Addressing ‘the roots of poverty’

GENOA – Longtime volunteer Heather Edwards began to cry as she looked out at the crowd of 80 people crammed into 415 W.
Main St.
on Monday, in what is to become the new Genoa Area Community Food Hub.
Edwards is the DeKalb County Community Gardens’ associate director, and vocational director of the Walnut Grove Vocational Farm in Kirkland.
She’s also a longtime volunteer at the Genoa-Kingston Food Pantry, which will be merging with the DCCG to become the food hub.
Slated for a July opening, the hub will be a central location for area residents and people in need to commune, have a meal and learn about food production.
The hub’s building was paid for and donated by a local resident who wishes to remain anonymous, said Dan Kenney, executive director and founder for the gardens.
It’s all part of a community and countywide effort that came together in just a few short months.
“This is unbelievable, and very humbling to be a part of,” said Edwards, of Kingston.
“I was so shocked at how fast everything came together.
Obviously, I have a religious background, and definitely God was involved in this.” The Genoa-Kingston food pantry has outgrown its space in the basement of Faith United Methodist Church, 325 S.
Stott St.
in Genoa.
The basement is only accessible via multiple flights of stairs, which makes it hard for wheelchair users or physically disabled visitors to get to the pantry.
Kenney said the donor closed on the building the first week of April, and construction crews began its overhaul only a week later.

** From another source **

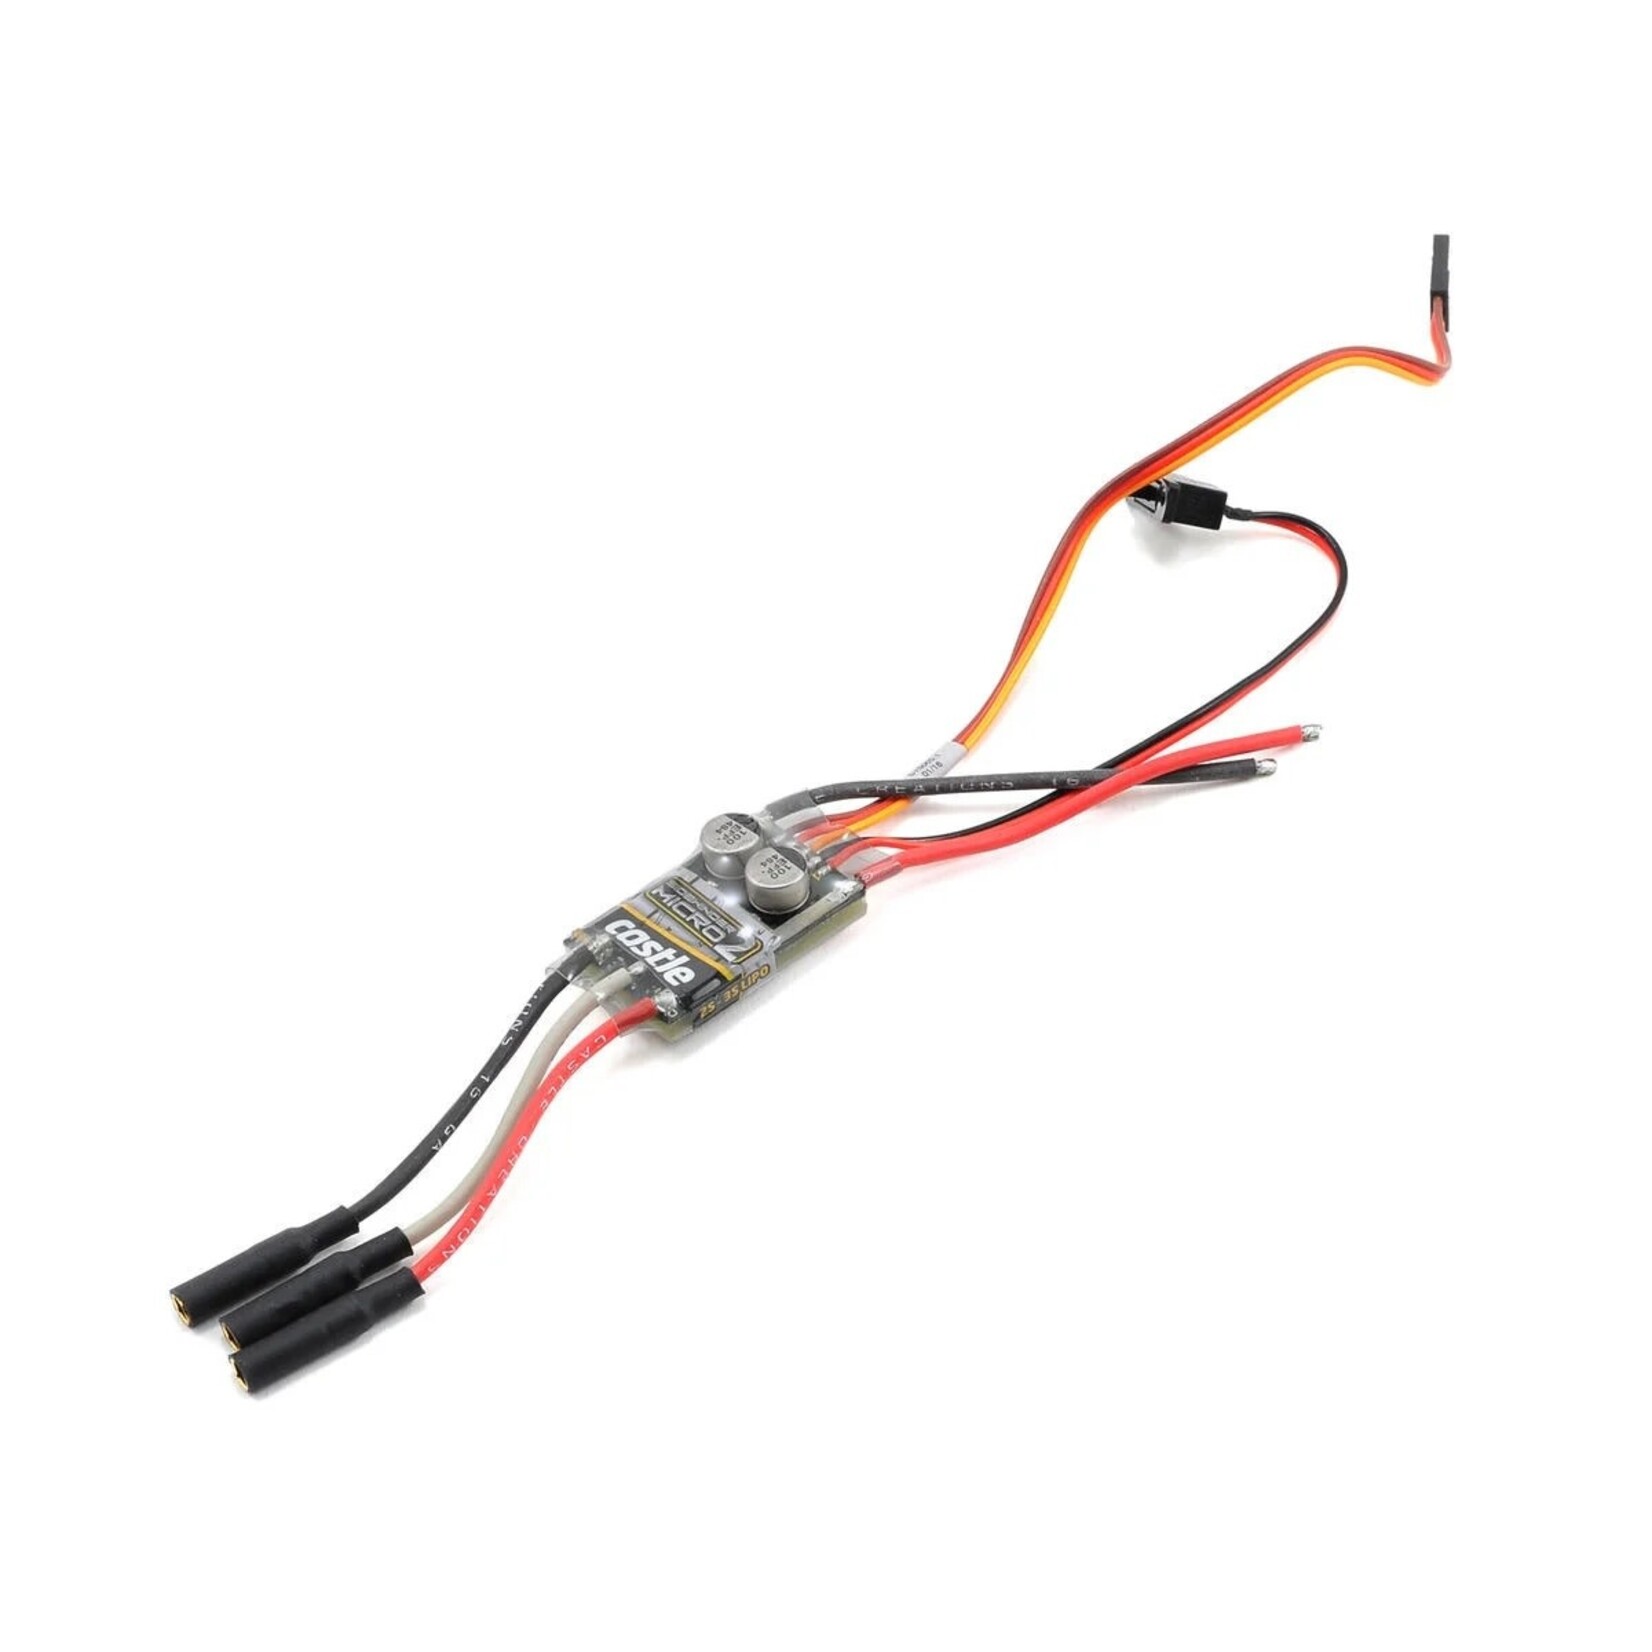 Castle Creations Castle Creations Sidewinder Micro 2 1/18th Scale Brushless ESC #010-0150-00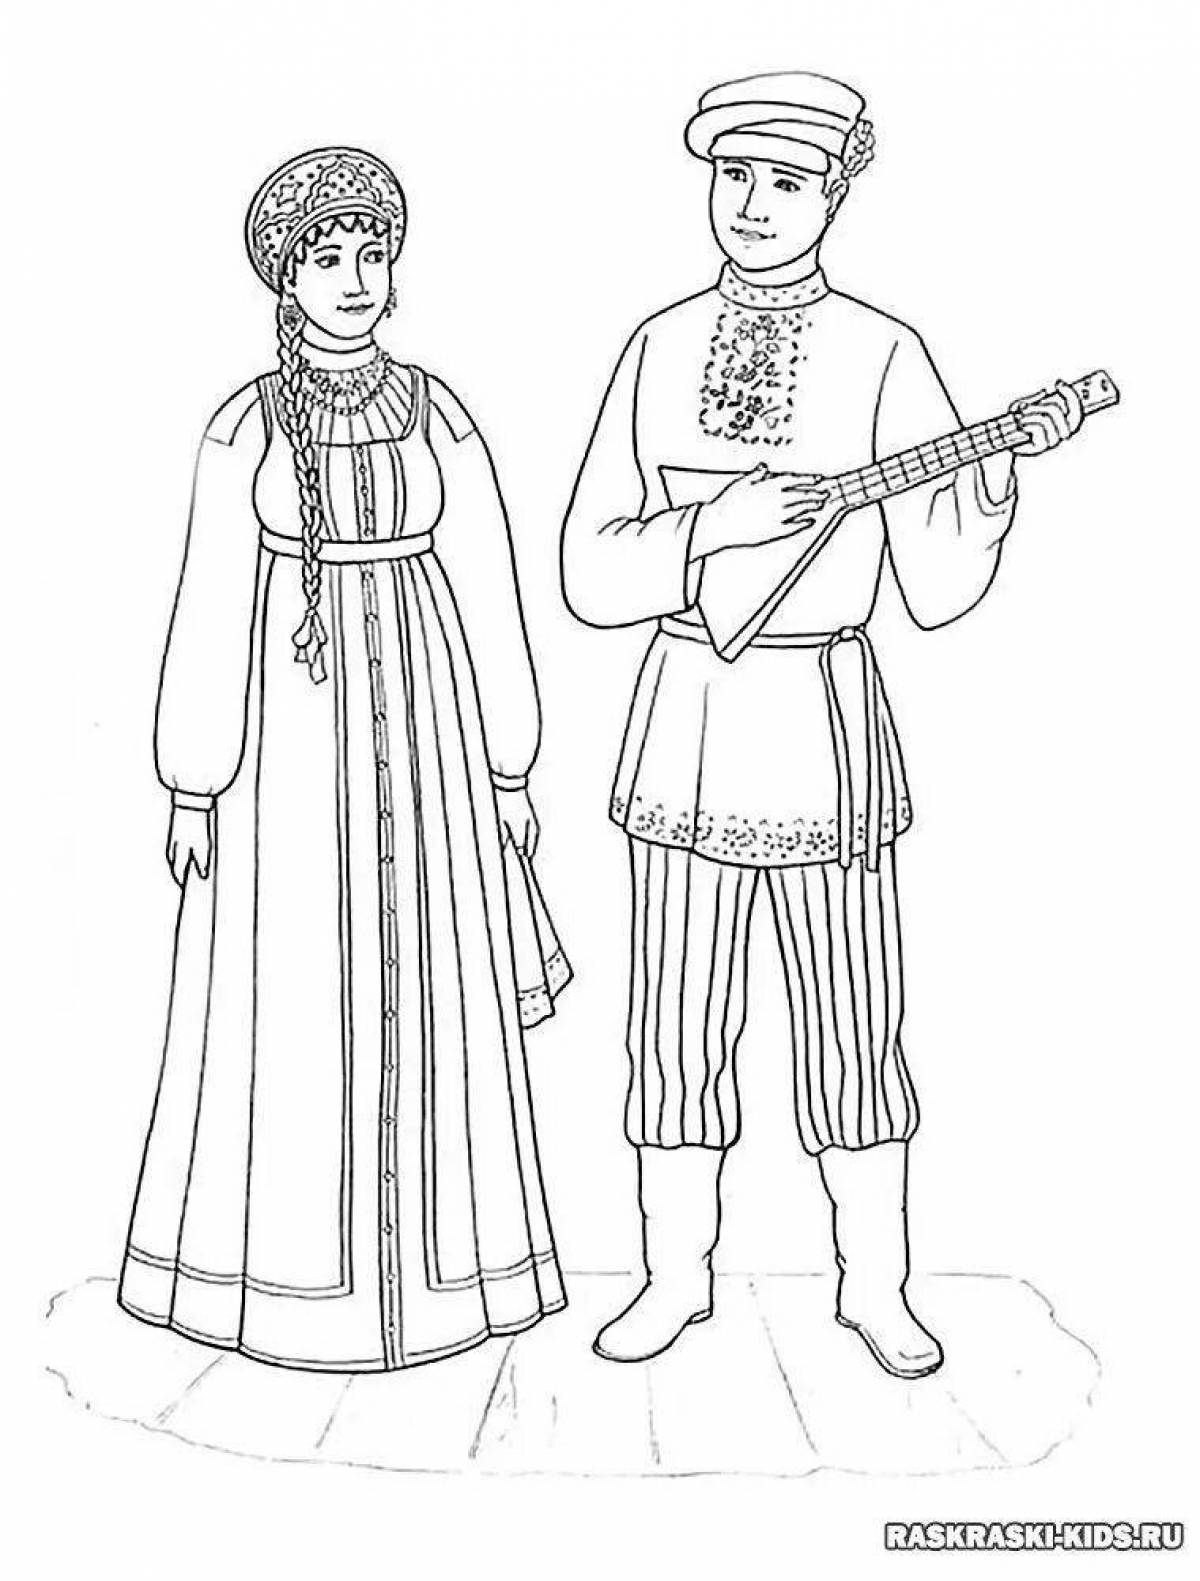 Traditional costumes of Russian people

“This [project] is really allowing us to address the roots of poverty,” said Jackie DiNatale, board president for the community gardens.
The 2,000-square-foot Hub, a single-floor building, was once home to the Genoa post office in the 1960s, Kenney said.
The food hub will have a food pantry, commercial kitchen for organizations to use and public meeting space, plus refrigerators and freezers for pantry-shoppers to get perishables such as eggs, milk and frozen meat – commodities that most food pantries can’t offer, Edwards said.
“I’d be remiss if I didn’t say how proud I am to have this facility in Genoa,” Genoa Mayor Mark Vicary said.
“We are often overshadowed by larger communities, but there’s so much good work going on in town.” The food hub will be managed by a part-time coordinator who will be hired through DCCG.
Volunteers will make up the rest of the staff, much like the Genoa-Kingston food pantry.
The DCCG’s Walnut Grove Vocational Farm in Kirkland, which employs adults with developmental disabilities, will provide produce to the Hub.
“[The food hub] helps provide additional food-related education opportunities for people of all ages,” Kenney said.
“It also provides a way to expand markets for local growers, or produce and other food-related enterprises, and an opportunity for low-income and unemployed individuals to learn skills that they can take elsewhere.” In addition to an expanded pantry, the food hub will have tables and counters in its commercial kitchen designed for cooking demonstrations, classes and other projects for visitors to learn about cooking, canning and preserving.
Kenney said there will be a section of the hub designed for local merchants to sell their goods, such as homemade jams and locally grown produce.
Edwards said the new hub also will give the food pantry expanded hours and the chance to serve more people.
The Genoa-Kingston pantry is currently only open once a month, from 9 to 11 a.m.
The new location and management by DCCG will allow it to be open once a week, which means it will grow from serving around 40 people per month.